▶ Source material:
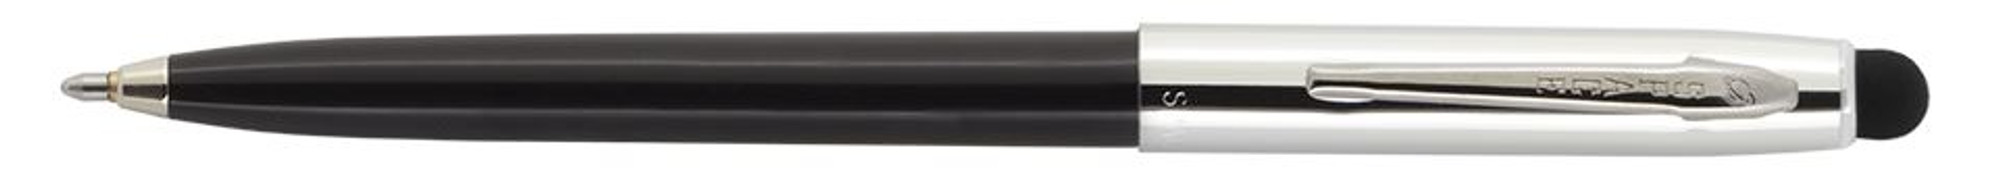 Fisher Space Pen Cap-O-Matic Black Barrel, Chrome Clip w/ Stylus
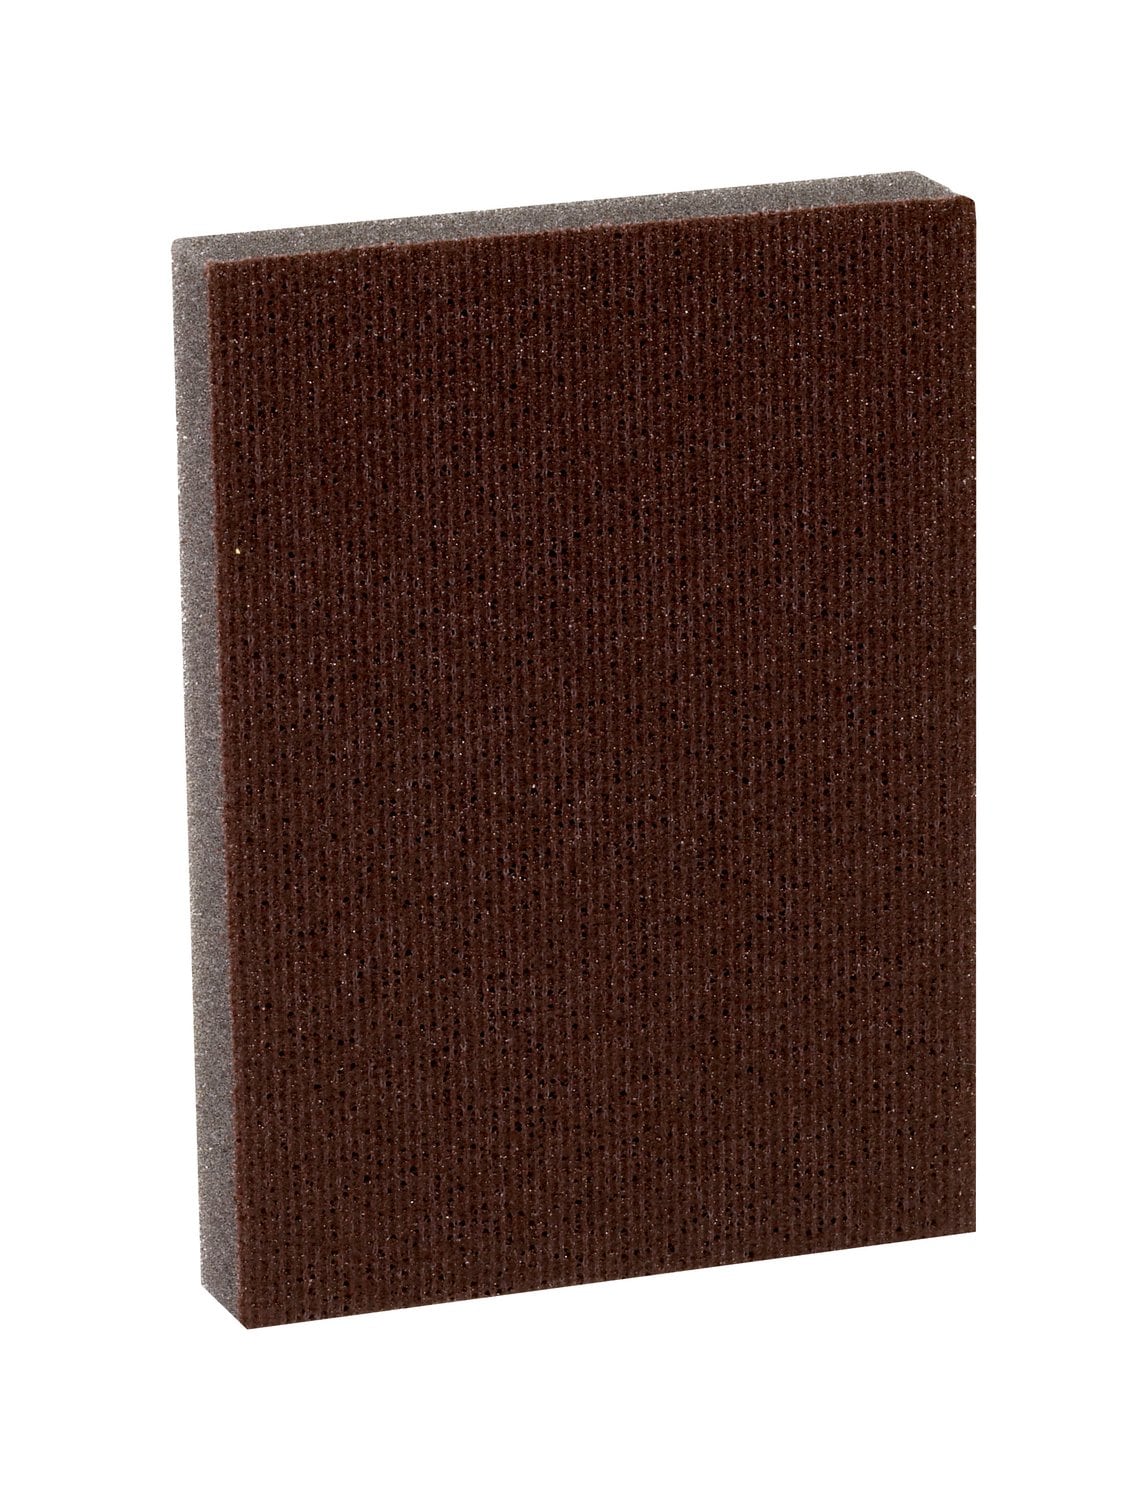 7010377002 - 3M Pro-Pad Sanding Sponge, PRPD-100, 2.88 in x 4 in x .5 in, 100 Grit,
54/cs
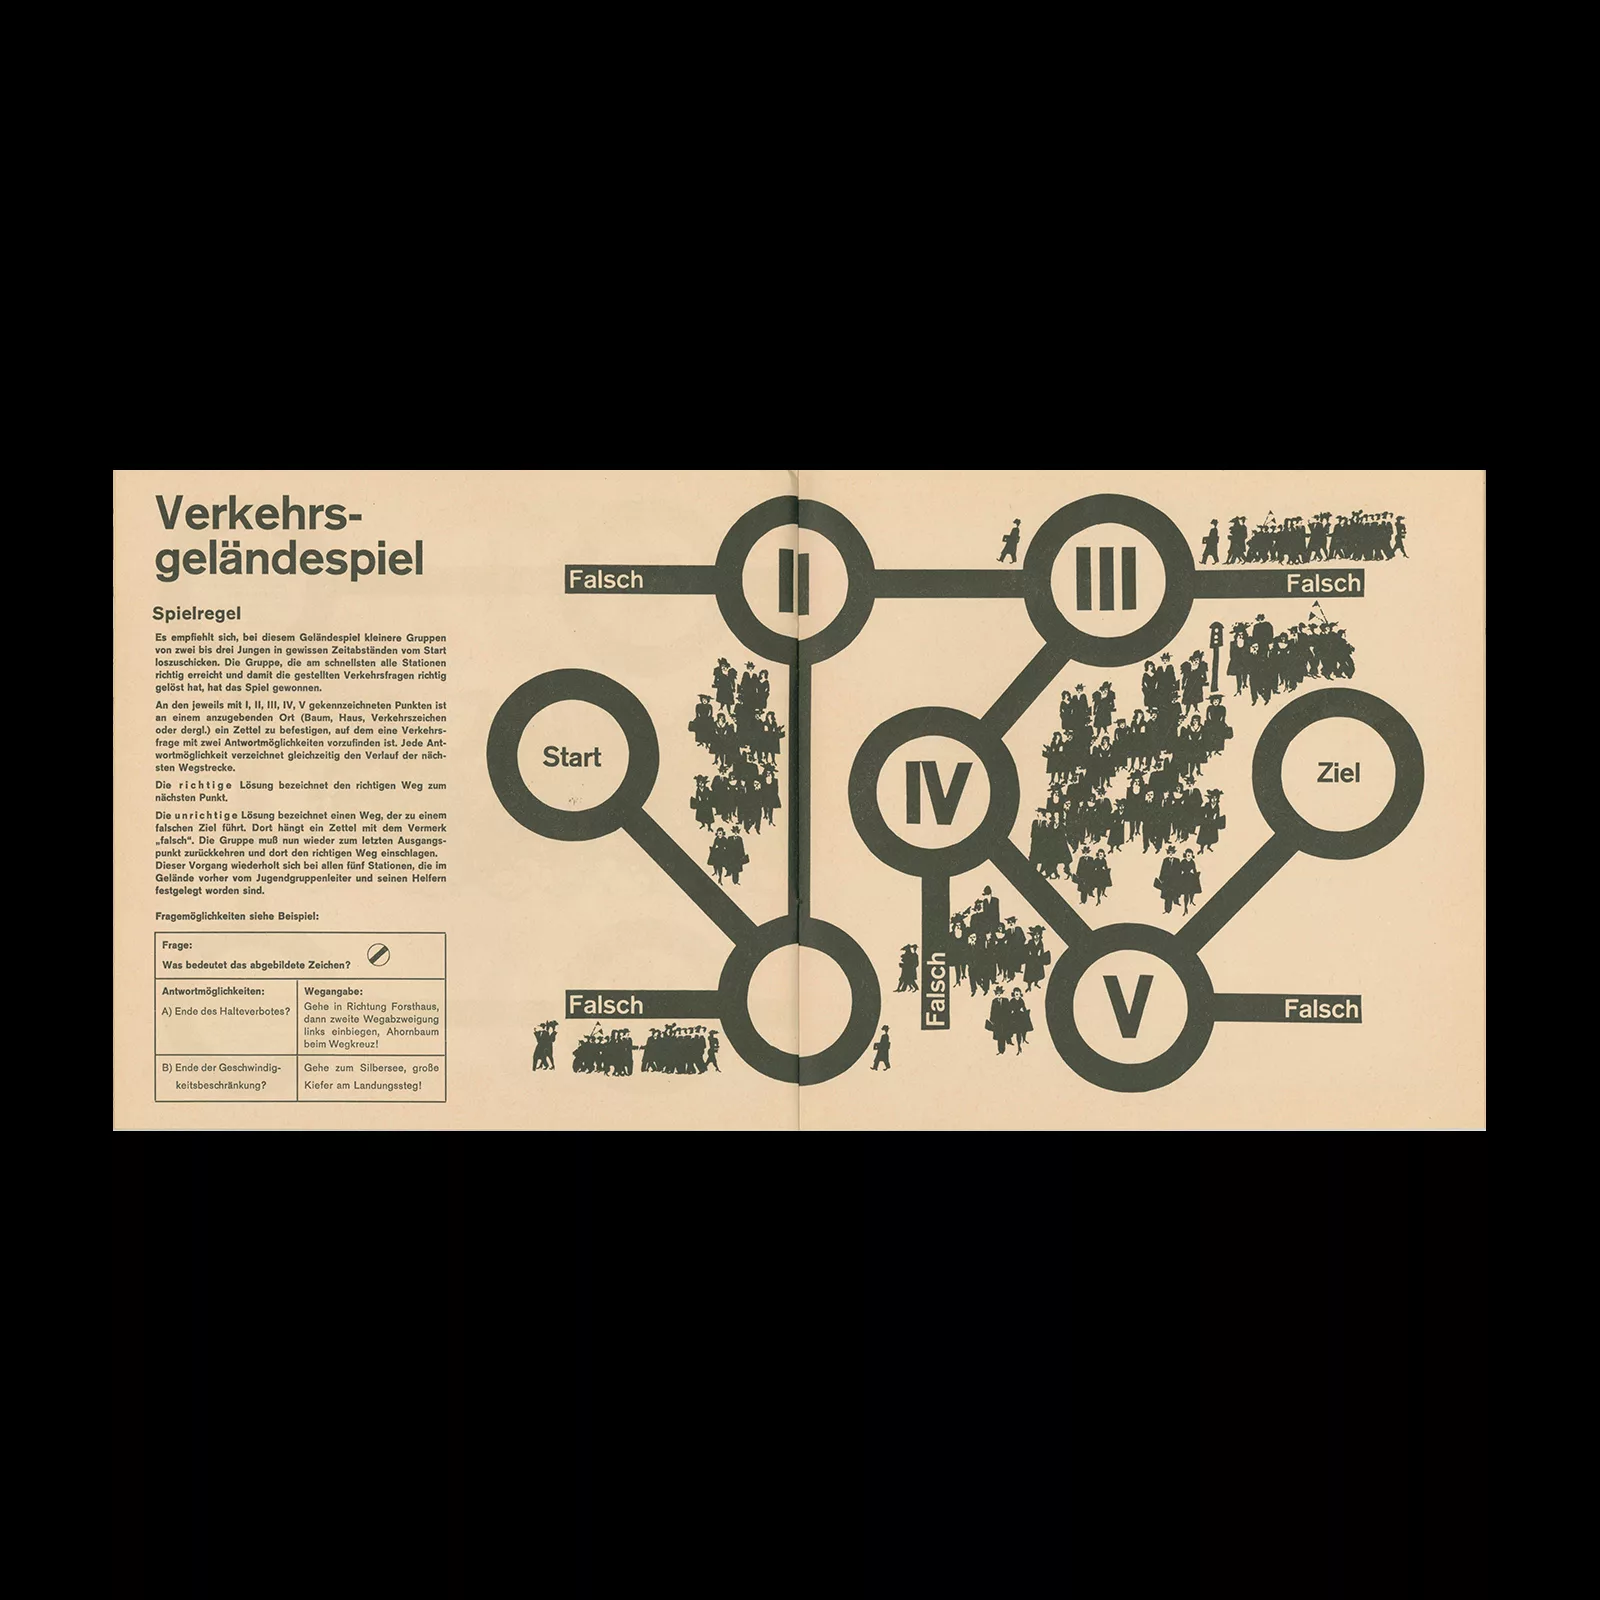 Arbeitsmappe 1, Evangelische Arbeitsgemeinschaft für Verkehrsfragen, Nicol-Verlag Kassel, 1975. Designed by Rambow + Lienemeyer

▶ Aim of the task: Drop the images, then copy the data exactly.

▶ Result for this exercise:
 Fisher Space Pen Cap-O-Matic Black Barrel, Chrome Clip w/ Stylus
 7010377002 - 3M Pro-Pad Sanding Sponge, PRPD-100, 2.88 in x 4 in x .5 in, 100 Grit,
54/cs
 Arbeitsmappe 1, Evangelische Arbeitsgemeinschaft für Verkehrsfragen, Nicol-Verlag Kassel, 1975. Designed by Rambow + Lienemeyer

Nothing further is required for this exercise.